Four generations of Arbuthnots worked with the firm but their cousins went on to become Governors of Madras, commanders of the Madras Army and one even became a Governor of the Bank of England. No wonder the public confidence in the integrity of the firm was so unflinching and its transactions bulged.
In 1906 the senior partner was Sir George Gough Arbuthnot, a pillar of European Society in Madras. He employed 10,000 people under him. With the Suez Canal dug the world was becoming a village. Arbuthnot, in a move for globalisation, invested in a London branch operated by Macfadyen & Co. Macfadyen invested lavishly in daring enterprises, such as gold, American railway projects and in plantation crops of the West Indies.
Things were going well and profits on books seemed fantastic when one fine day Macfadyen jumped before a running train. “Suicide due to temporary insanity,” was the inquest report. It was definitely insanity, but not temporary. He had brought down the century-old firm with his long-term speculation.
On October 22, 1906, the gates of Arbuthnot & Co, First Line Beach, carried the announcement that the company had suspended payments. Soon the gates were besieged by alarmed investors who were all turned away by police.

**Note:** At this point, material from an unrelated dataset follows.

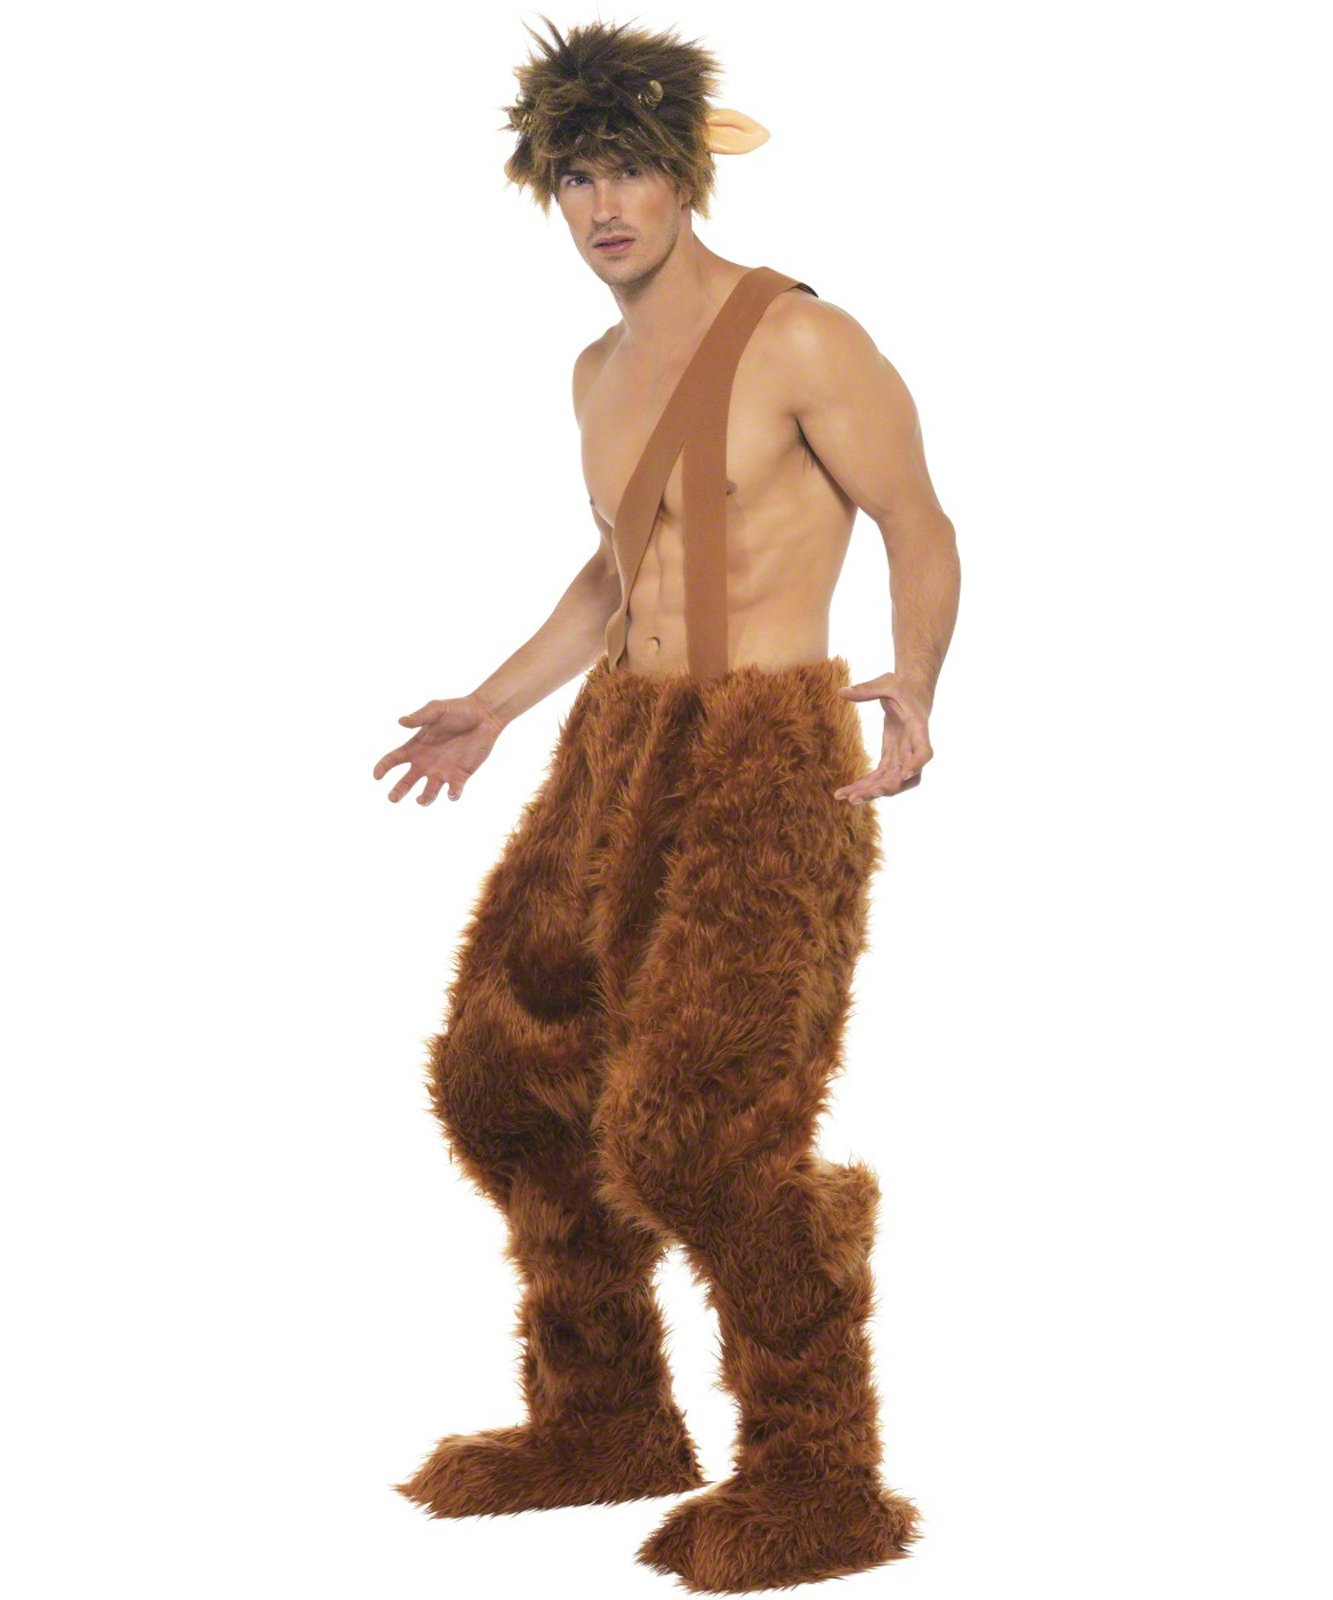 This Pan Adult Costume includes faux fur trousers, shoe covers, and wig.

The firm petitioned the courts to be declared insolvent. This was not a crunch; this was a national catastrophe. The future of many people was wiped out. The Diwan of Cochin had to sell his unfinished house on Edward Elliot’s Road and start a brick retail shop to feed his family. Even the Governor of Madras, Lawley, lost a lot of his savings. Temples and charities were shut down.
George Arbuthnot was tried for the fraudulent activities and received a sentence of 18 months rigorous imprisonment. A leading newspaper of Madras wrote an editorial -- “For a dozen years now, how many widows, orphans, old pensioners, Government officials and others have been lured into the net of the pretended pompousness of this firm to deposit their money, not knowing that Messrs. Arbuthnot & Co. was but a whited sepulcher?”
The Indian response was remarkable when European integrity and honesty came under a cloud. A young advocate V. Krishnaswamy Iyer, who was representing Arbuthnot creditors, got a brilliant idea. Why not start an Indian alternative? That was more answerable to the public than Arbuthnots had ever been and make it a success.
He got together eight prominent citizens of Madras, many of them from the mercantile community of the cash-rich Chettiars, and together they resolved that an Indian bank had to be incorporated and managed by Indians who were locally known and respected. Co-incidentally, the bank was started on August 15.
In 1909, the Indian bank, which was symbolically the replacement of the Arbuthnots, acquired the outstanding-looking gothic building of Arbuthnots on the Beach Road for Rs 1,35,000 and moved in. The building survived until the 1960s and over it was built a high-rise overlooking the harbour. The road is still called Arbuthnot’s lane.